Charles W. Thurston , Latin America Correspondent03.12.21
A warming demand for housing in Mexico is predicted to drive growth in the architectural segment of paint and coatings this year, aided in part by a Covid rebound in tourism and by increased government mortgage lending.
The recovery of the economy will bode well for the paint and coatings industry, which includes domestic production of roughly one billion liters (about 265 million gallons) per year. Winners in the Mexico paint manufacturing arena will include PPG-Comex, which dominates the national market.
Mexico’s housing market is becoming robust, relative to the recovering economy. The nationwide housing price index rose by 5.8 percent during 2020, according to the Sociedad Hipotecaria Federal (SHF), Mexico’s federal housing agency.
The SHF Housing Price index uses nominal values and asymmetry test that refers to the product of price and the number of indices that should produce the index.
The price index is created using fixed weights and the deflator is built using current prices to ensure that the prices and quantities are consistent, according to Moody’s credit rating agency.
In contrast to the more rapid housing demand increase, Mexico President Manuel Lopez Obrador predicts a 4.6 percent rise in economic activity this year, while financier Goldman Sachs predicts a 3.8 percent rise and credit risk analyst Moody’s predicts 3.5 percent growth.

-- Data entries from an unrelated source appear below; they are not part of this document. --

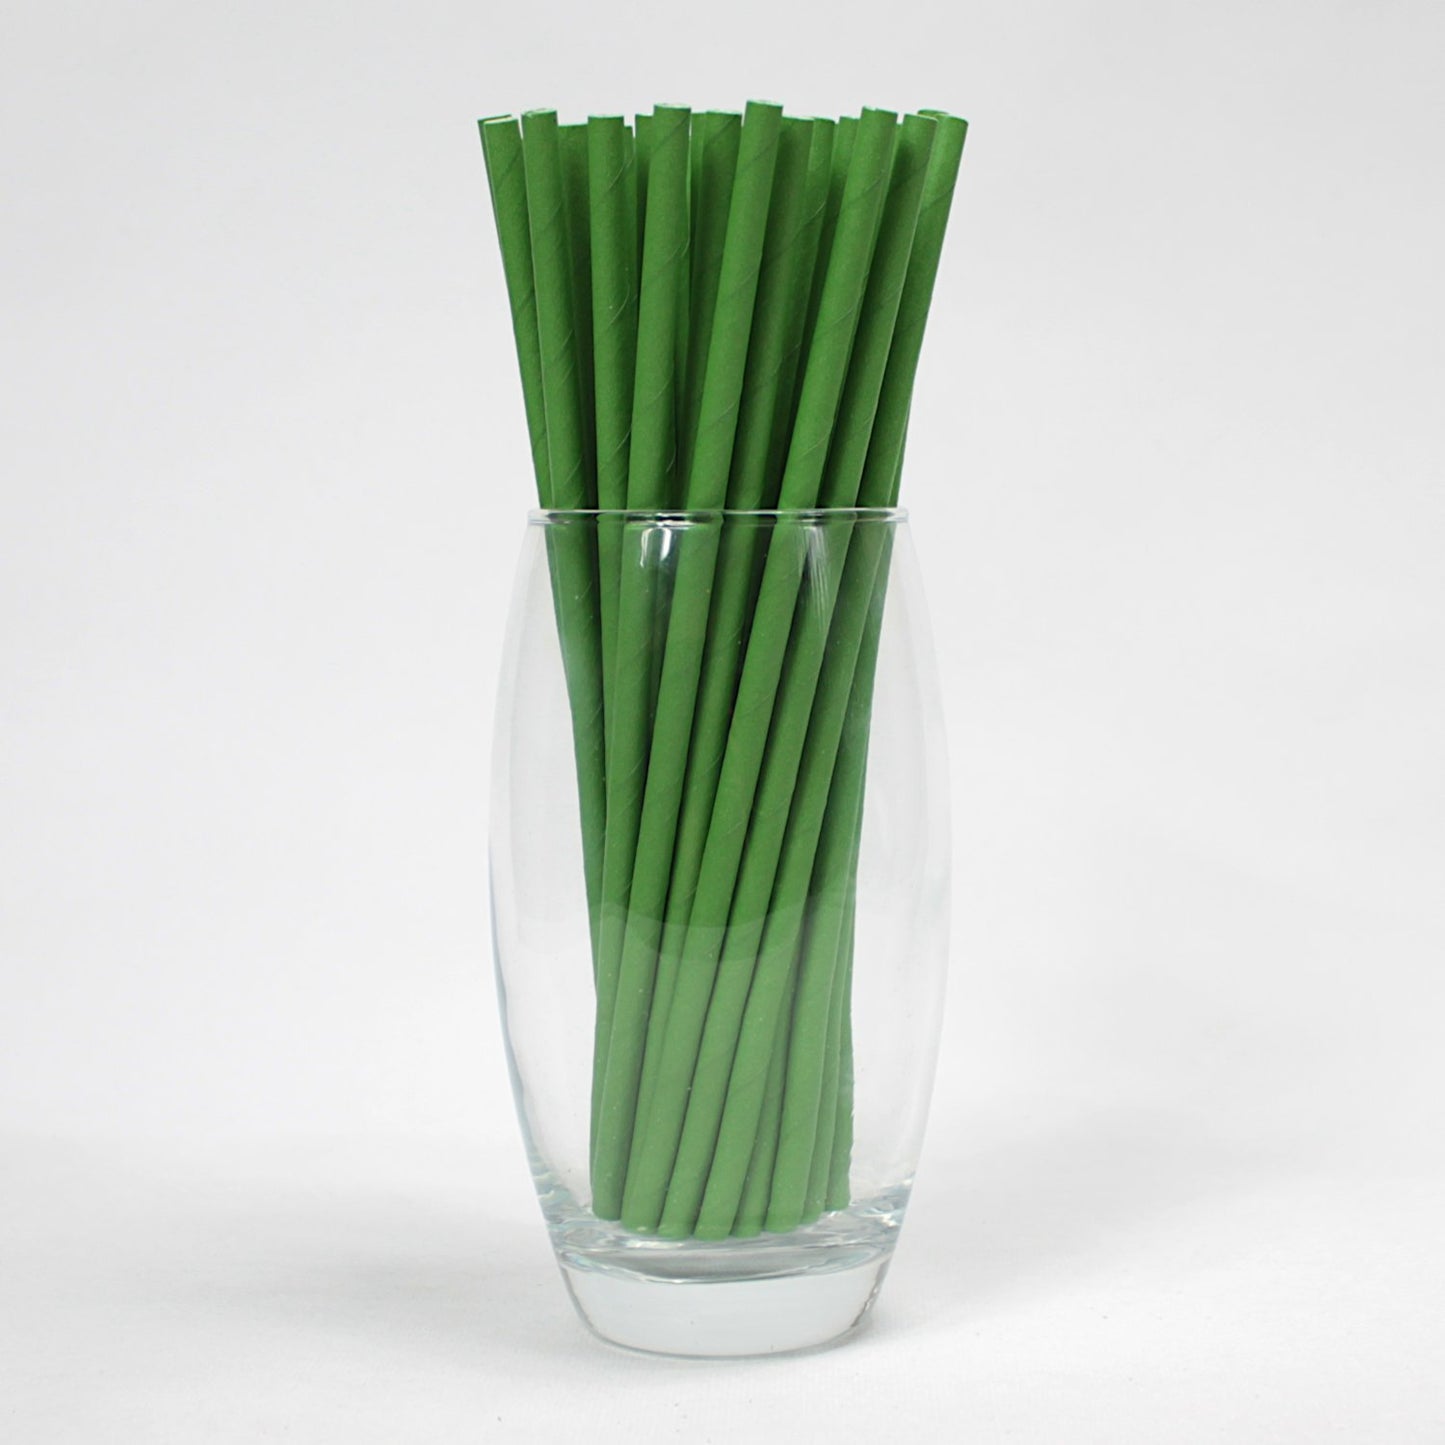 Green Paper Straws (6mm x 200mm) - Quality Drinking Straws - Intrinsic Paper Straws
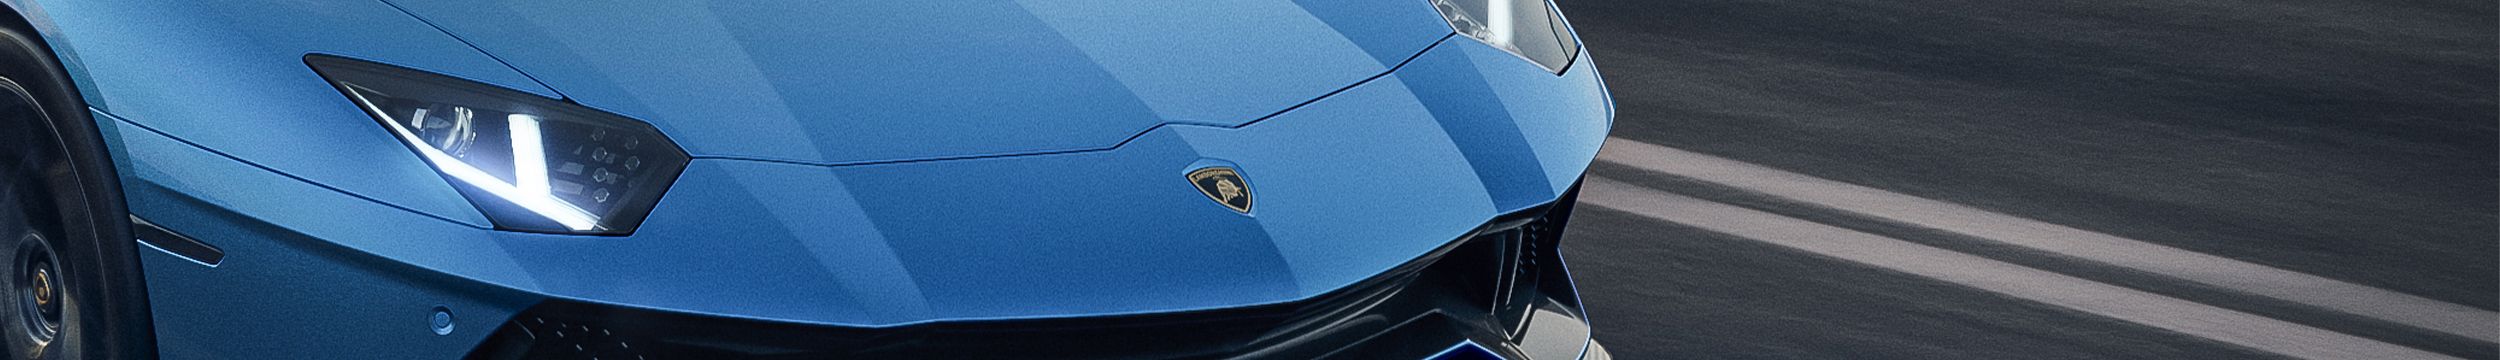 Lamborghini page header image
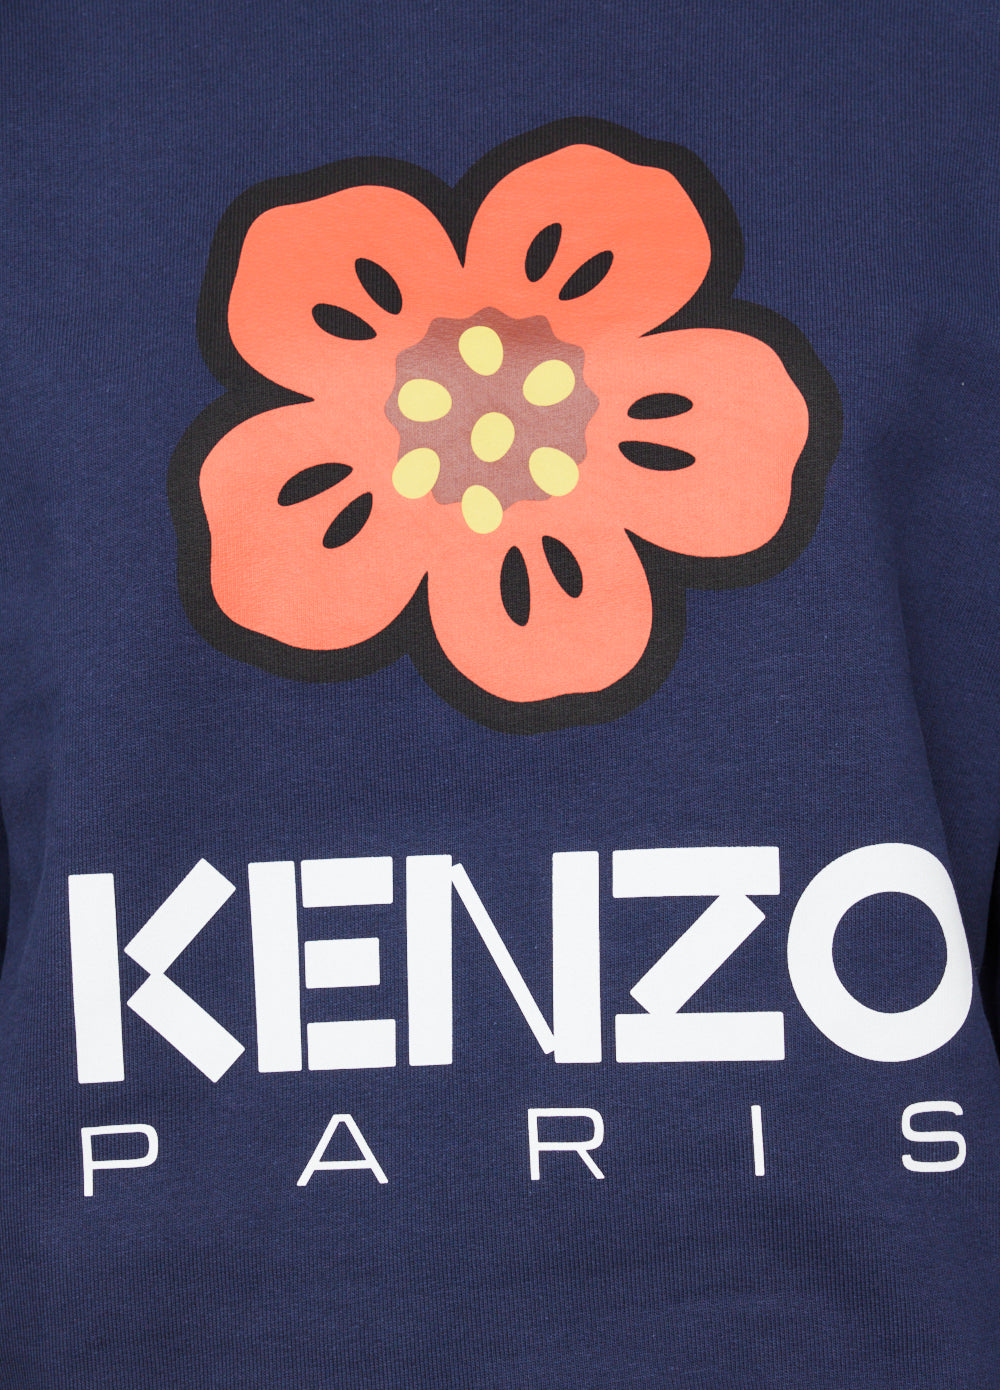 Kenzo Paris Regular Sweatshirt

The Mexican residential real estate market was valued at $31 billion in 2018, and it is projected to value $60 billion by 2025, with a compound average growth rate of more than 9.9 percent from 2019 to 2025, according to a recent Mordor Intelligence report.
Not only will overall housing investment rise, but the average value of a home is also rising. Fitch Ratings, in its December 2020 Global Housing and Mortgage Outlook said that “We are forecasting home price…growth in the U.S., Mexico, Brazil and Colombia, supported by improved economic prospects with wider vaccine availability later next year.”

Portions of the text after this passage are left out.